Commodities Rotation Chart:
DBC – PowerShares Commodity Index ETF (click to view) Composite of 14 commodities tracking index.
5) Global Markets:
The global markets remain tied to the US and until things change economically that will remain true. All the country ETFs bounced along with the US move and fell with the US markets. No real leadership in the global markets except for the recent surge in China (FXI), but that has now turned sideways. Europe (IEV) is trading in unison with the US, but looking for a turn higher with all the analyst talk being positive towards the country. We are looking for some separation, but until the volatility and follow the leader mentality changes I am willing to stay out.
Emerging Markets (EEM) continue to be volatile, but India (PIN) stands out with a solid move to the upside.
Germany (EWG) was leading among the European countries, but stalled this week.

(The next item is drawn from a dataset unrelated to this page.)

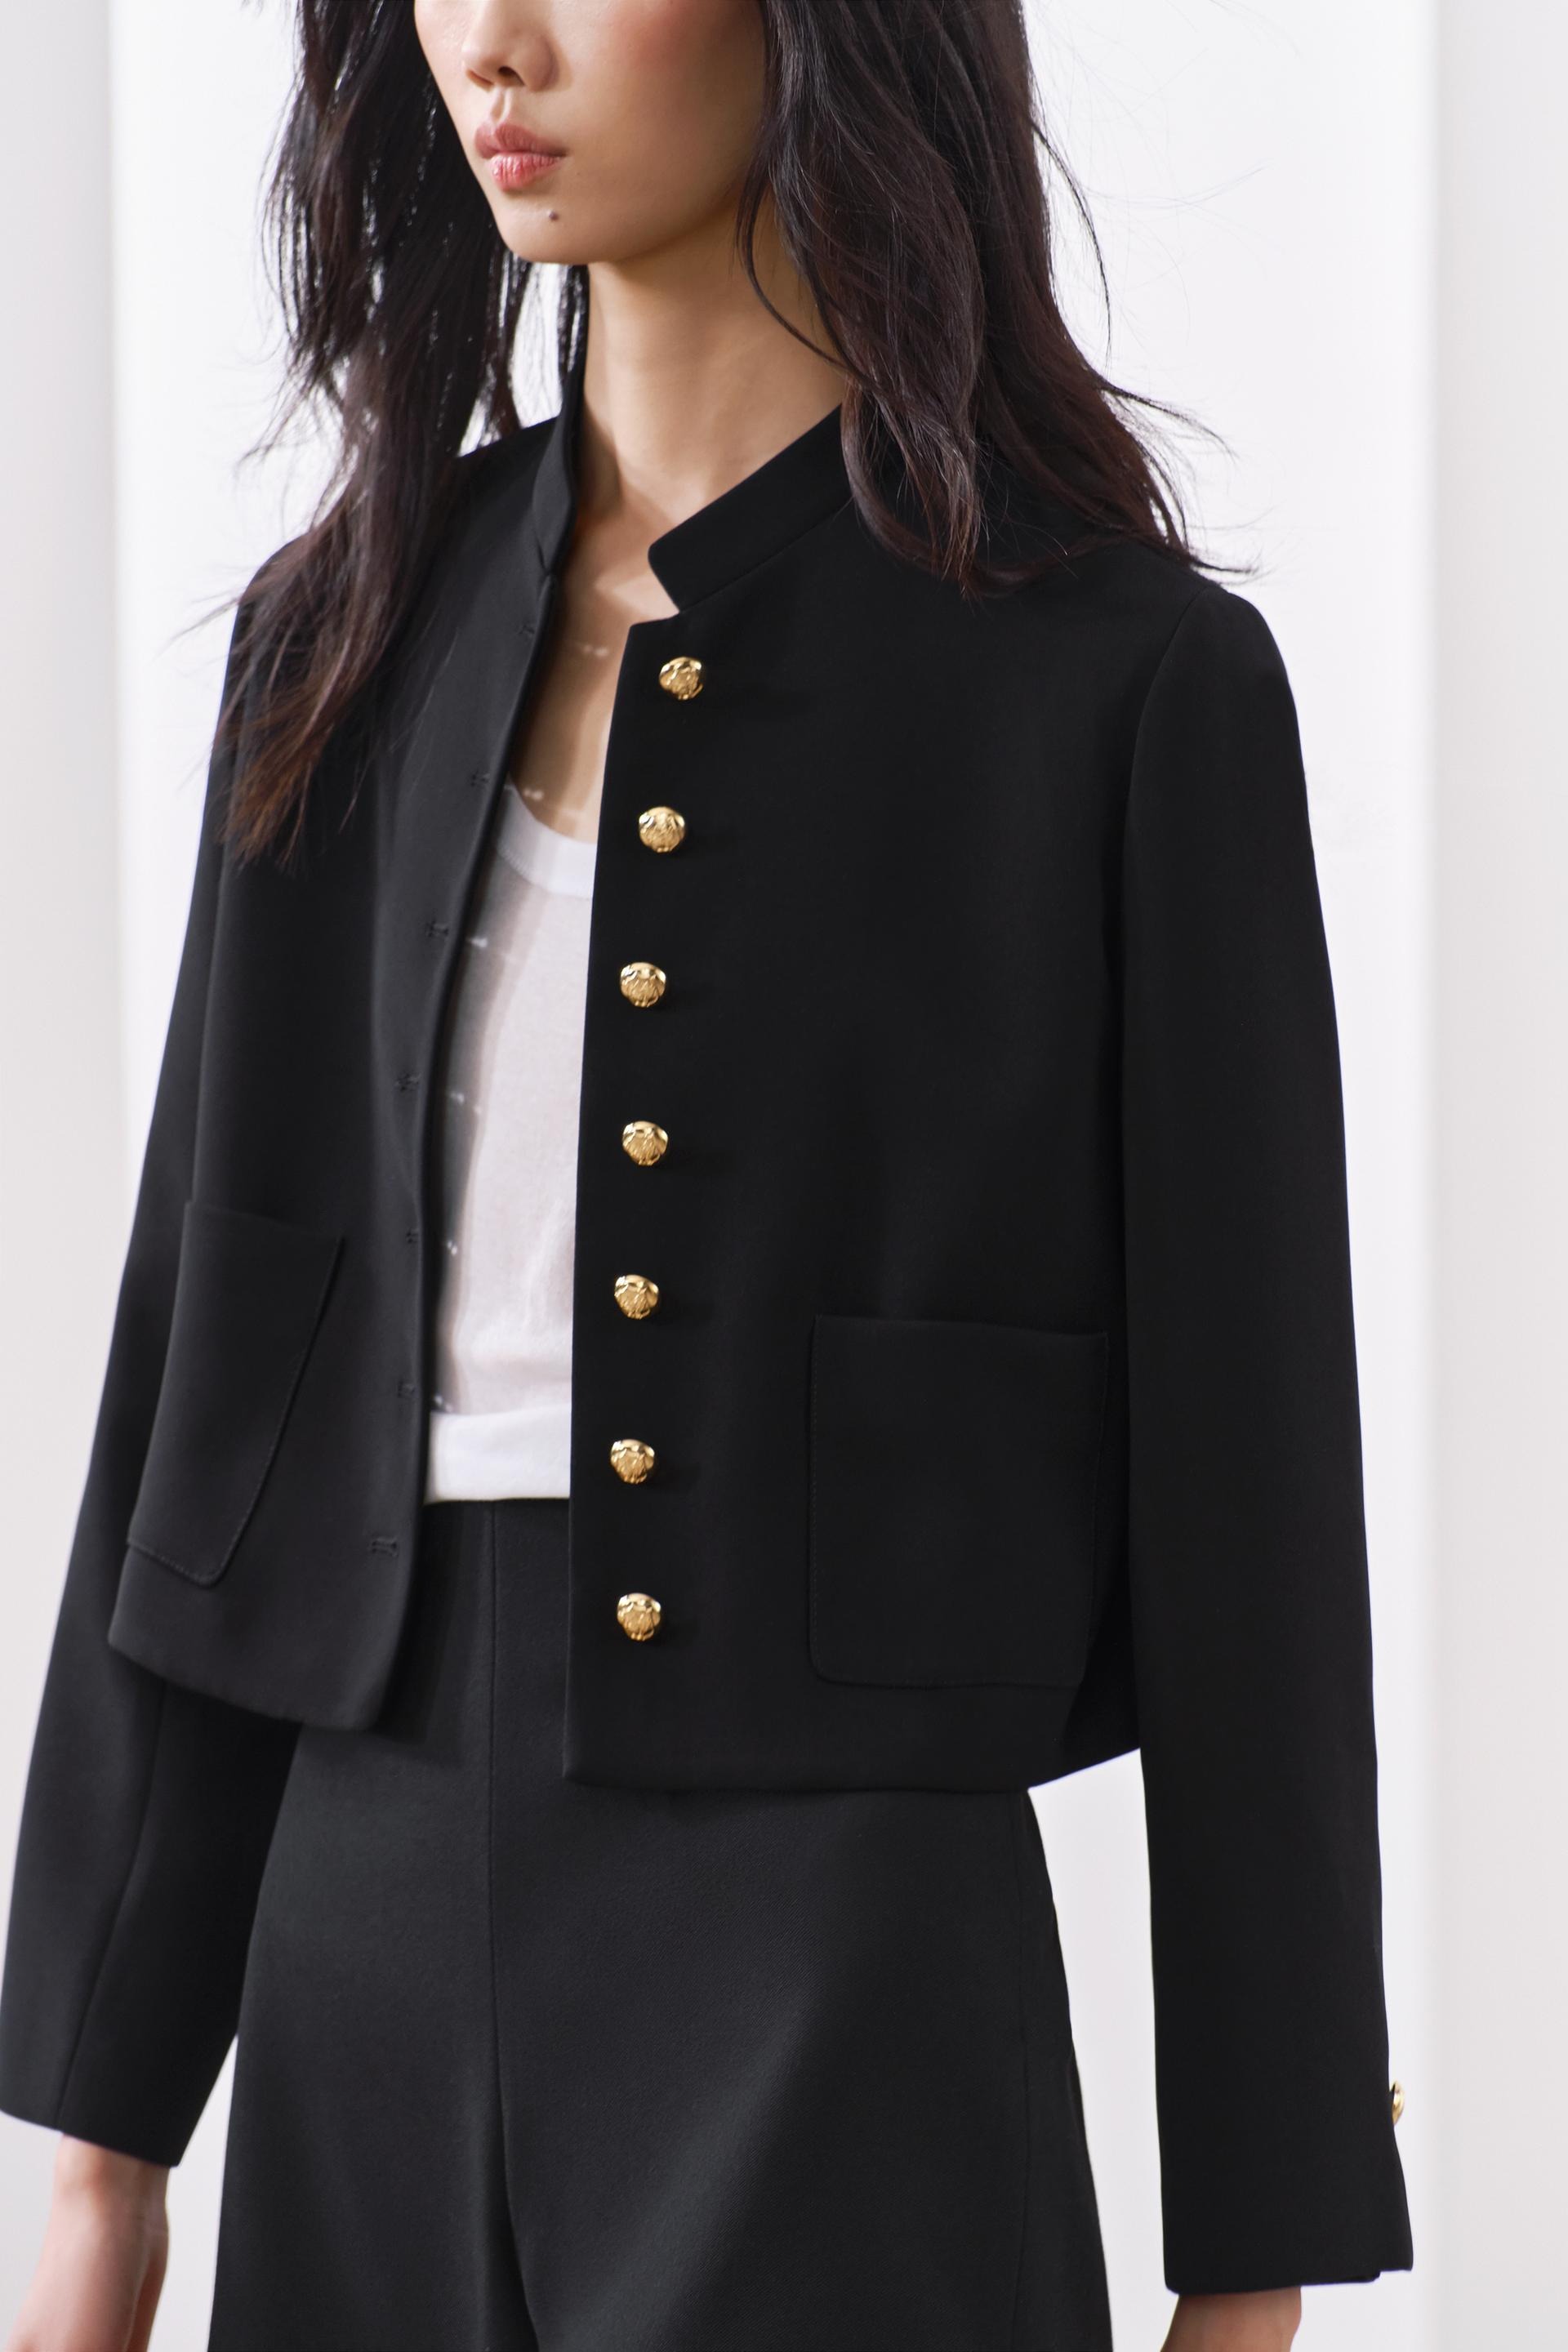 Black Zara jacket with gold buttons

Watch for some opportunities there. Taiwan (EWT) is attempting to break higher from some consolidation and Mexico (EWW) is making a move higher as well.
EFA – iShares EAFE Index ETF (click to view) 10 Developed Countries making up Europe (66.6%), Australia (8.9%) and Far East (24.5%). (Weighting of fund) Not most balanced, but give indication of global markets.
6) Real Estate (REITS):
Real Estate Index (REITS) – The sector has become erratic and volatile relative to tracking every rumor on interest rates and the Fed. The break of support at $63 is in play currently, but we did manage to close back above the $63 line on Friday . As seen on the chart below EQR jumped into the lead after reversing course, HST and SPG both remain leaders as well. the Bottom Reversal is setting up for a trade, but I would like the see the longer term outlook improve as well going forward. The set ups are trades, but this is a dividend driven sector. Balance the risk accordingly.
7) Global Fixed Income:
Sector Summary: Bounced off the lows and trending sideways. No interest currently.
- PAFCX – 1% dividend. Trending lower again, but ready to bounce. Money market alternative with volatility.
- PICB – 3.1% dividend. 27.80 support and bounced. $28.70 entry. Hit entry and adjusted stop to the entry. zero risk trade on dividend. This a dividend play, hold the stop at break-even and see how it plays out from here.
- EMB – 4.5% dividend yield. Looking for bottom reversal?
- PCY – current dividend yield is 4.8%. Trading lower. Looking for bottom reversal.
Watch and play according to your risk tolerance on any position taken. Everyone has different trading styles and you have to find what works for you and your personality. Don’t put yourself in positions you don’t understand or take risk you can’t tolerate. Not every trade results in a profit, but controlling your risk will limit the downside losses.